Erneuerung und Erweiterung der Ausstellung von der Gedenkhalle bis in den Turmhelm.
1987, im Jahr der 750-Jahr-Feier Berlins, wurde dem Besucherandrang des Kirchenensembles mit der Einrichtung der Ausstellung zur Geschichte des Ortes begegnet. Der Raum des einstigen Haupteingangs zur alten Kirche wird dem Besucherandrang und dem Anspruch des Ortes als Gedenk- wie Bildungsort schon lange nicht mehr gerecht.
Dazu wurde ein Wettbewerb ausgelobt, bei dem der Entwurf von heneghan peng architects, Dublin/Berlin mit den Ausstellungsgestaltern Ralph Appelbaum Associates 2023 mit dem 1. Preis ausgezeichnet wurde.
Die Besonderheit an den Entwurf ist, dass die Turmruine selbst Teil der Ausstellungserfahrung wird.

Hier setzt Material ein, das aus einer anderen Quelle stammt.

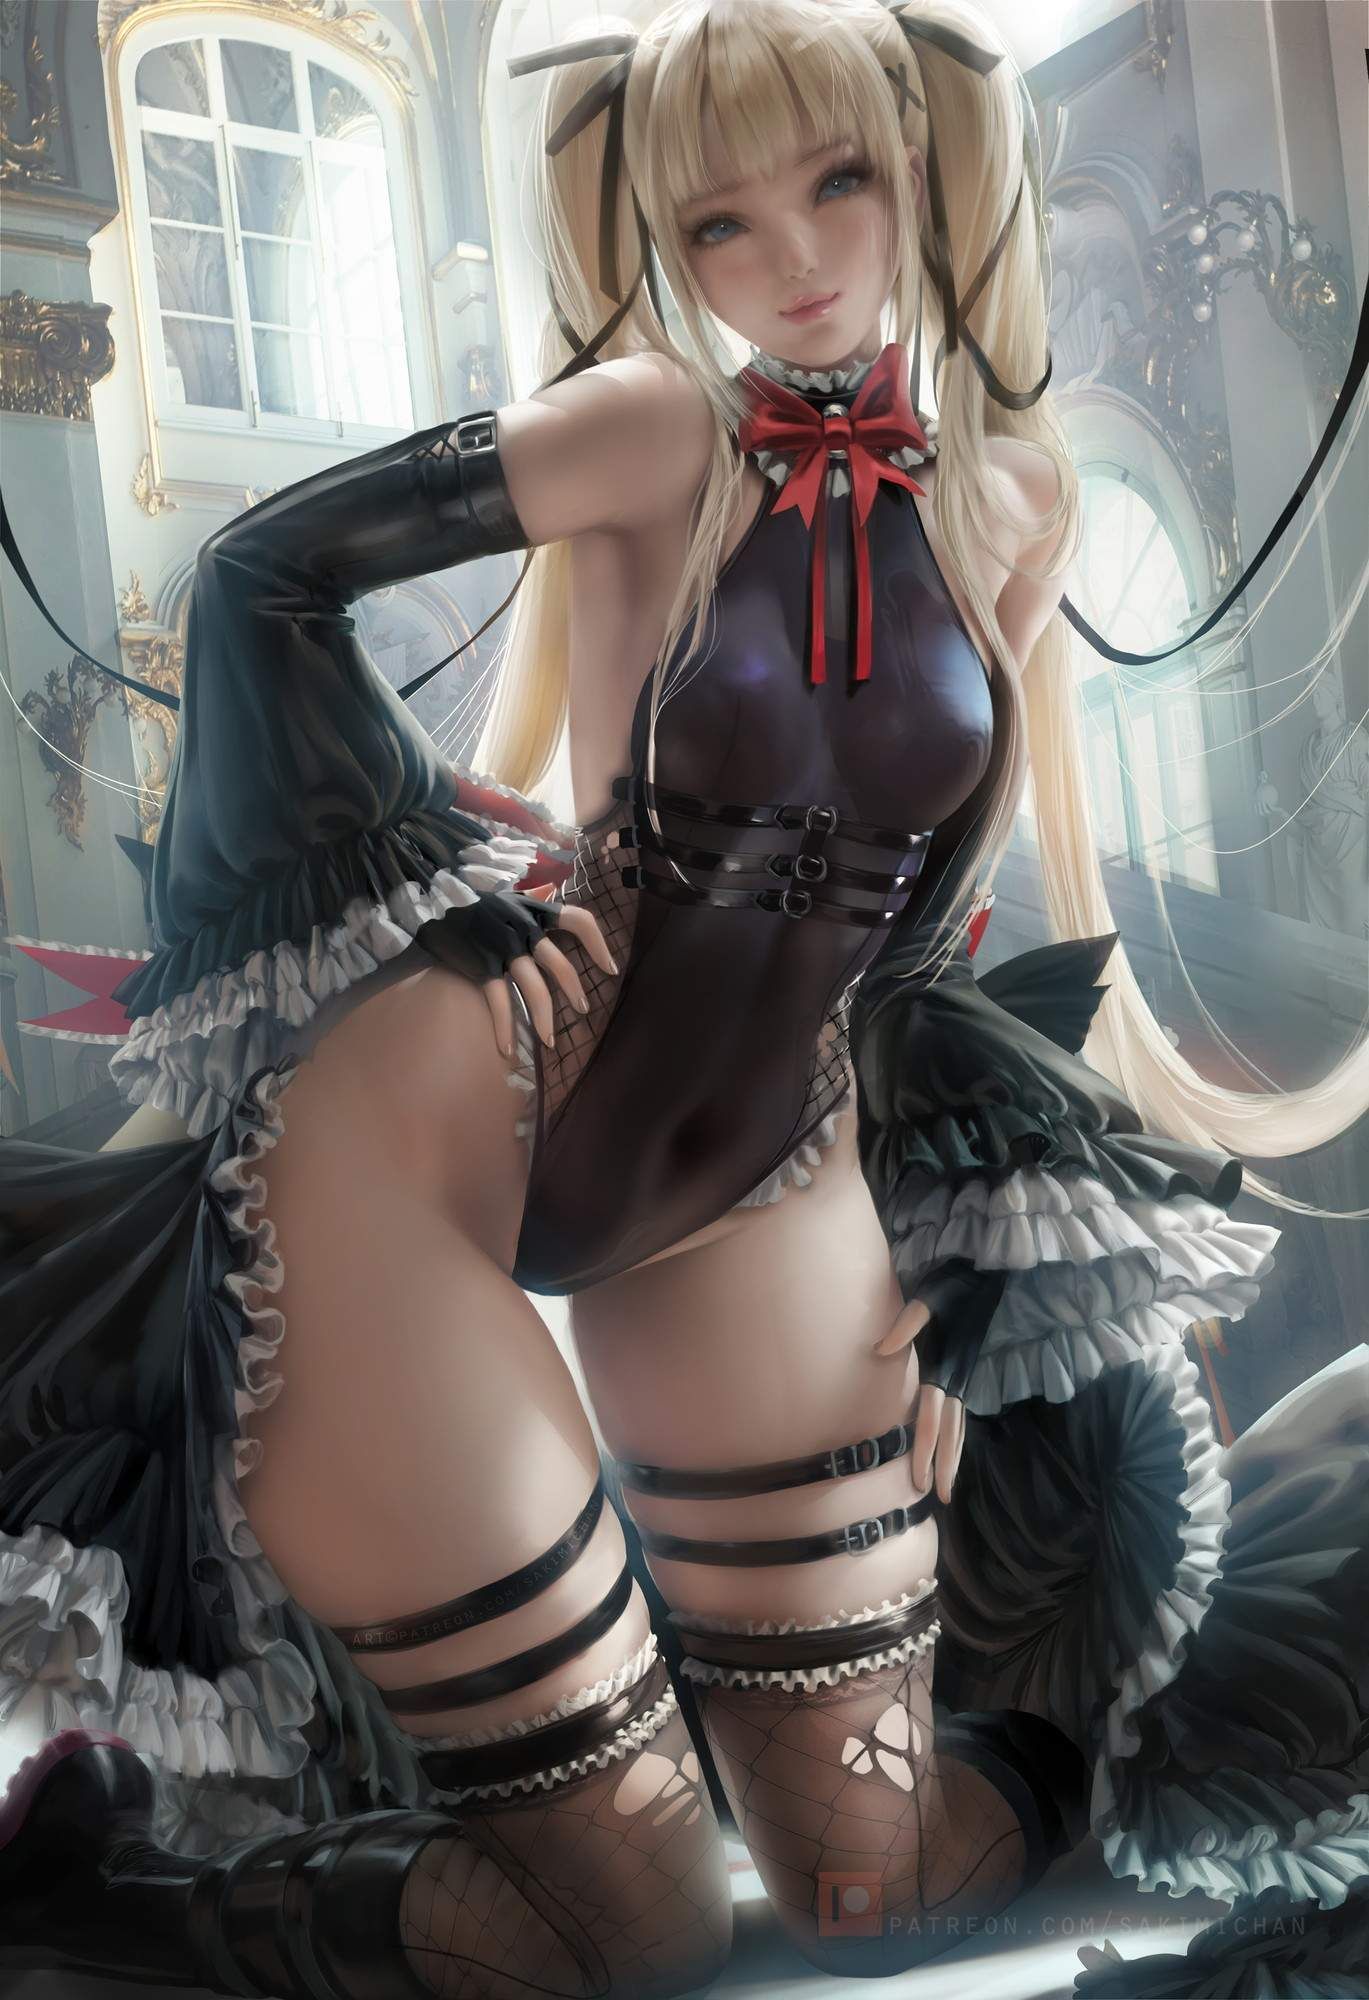 Dead or Alive Erotic Cartoon Marie Rose's service S ●X immediately pulls out! - Saddle! 4
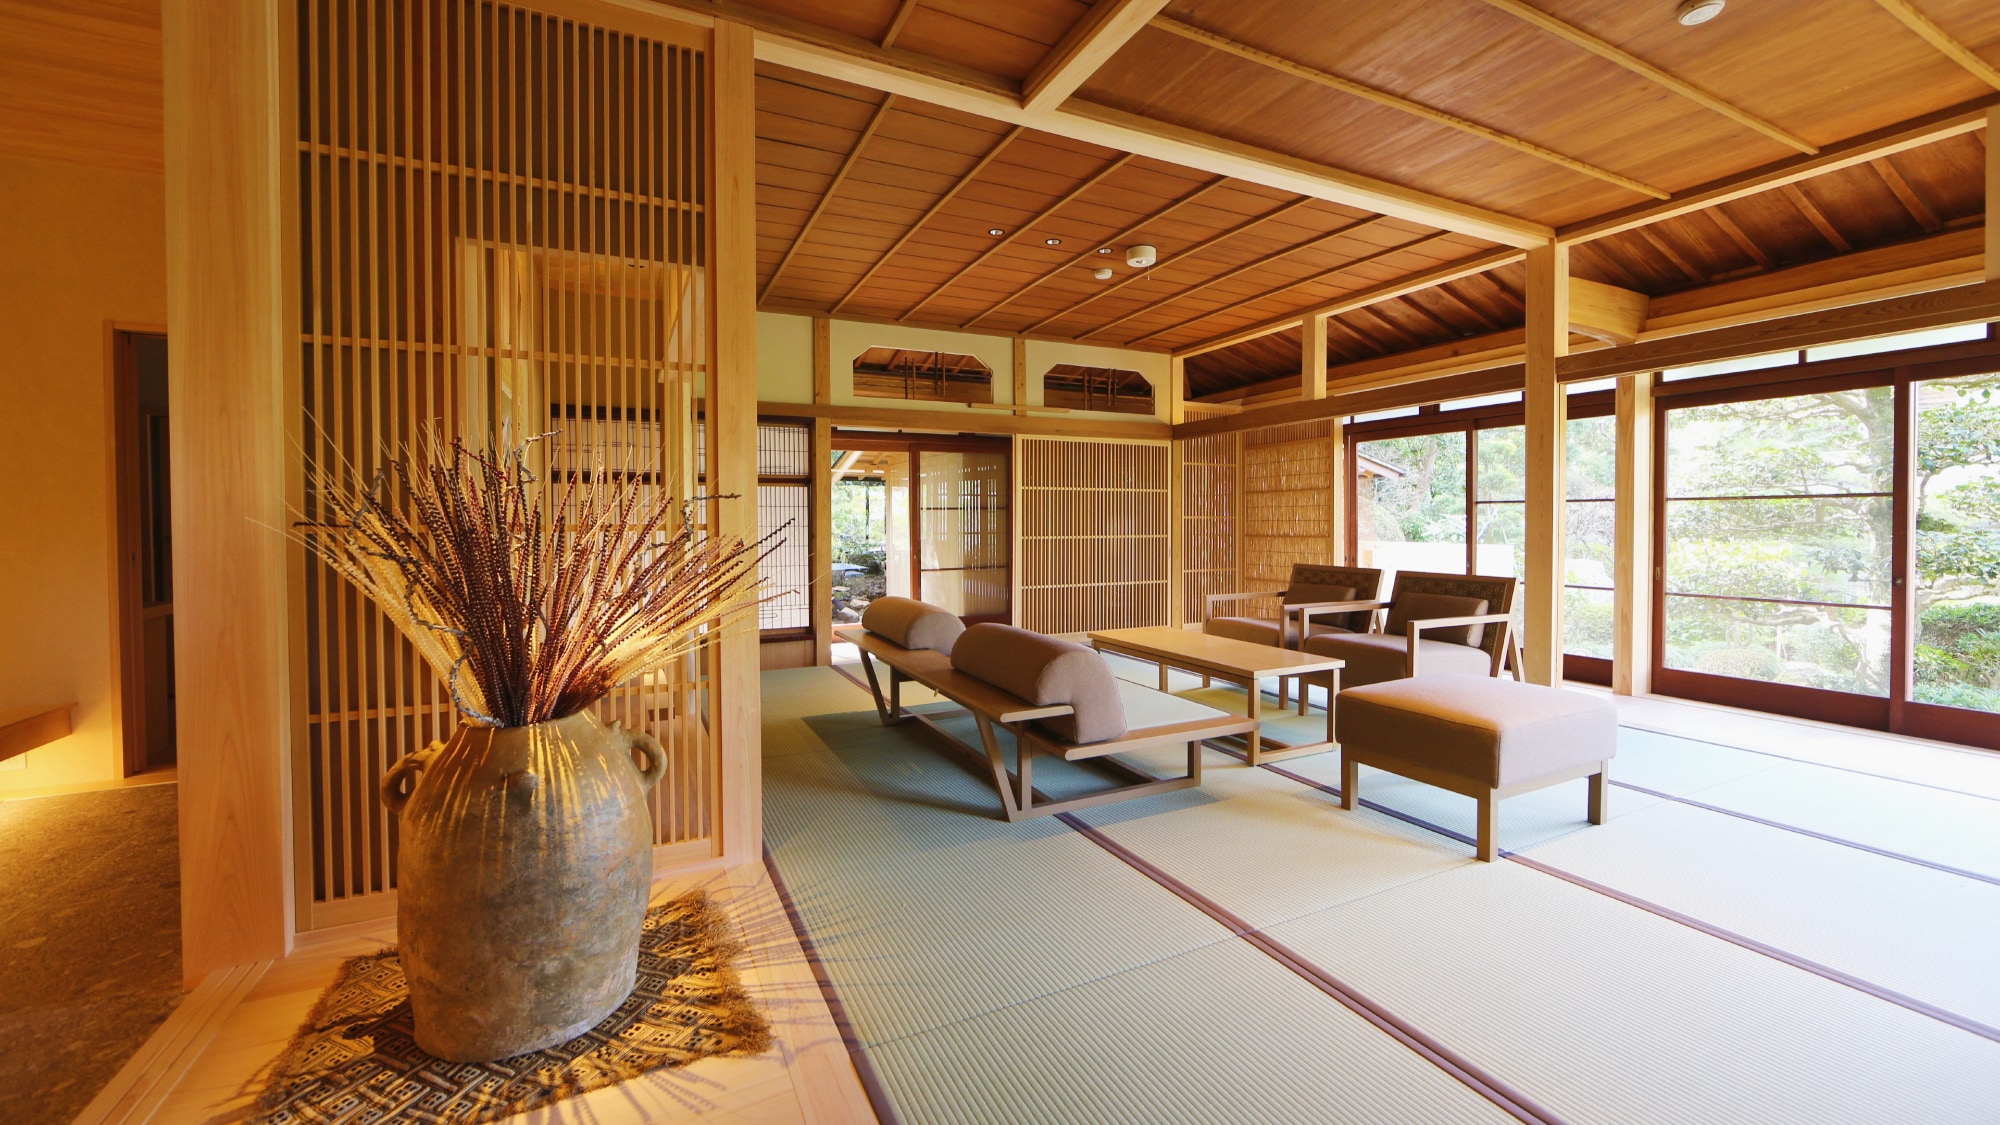 Living room with a modern Japanese taste in the villa "Aioi"

Zukünftig wird diese von innen bis in den Turmhelm für die Besuchenden begehbar. Ein Fahrstuhl sorgt für den notwendigen barrierefreien Zugang in die oberen Ausstellungsebenen. Das in der Nachkriegszeit nachgerüstete Dach wird wieder geöffnet. Einfallender Regen und Schnee inszenieren das Gebäude mit seinen Verletzungen und die neue Innenausleuchtung sorgt dafür, dass die innere Silhouette auch im Dunkeln in der Außenstadt erfahrbar wird.
Die Ausstellung im Erdgeschoss wird nun inhaltlich wie gestalterisch nach neuesten Vermittlungsmöglichkeiten und digitalen Erweiterungen modernisiert.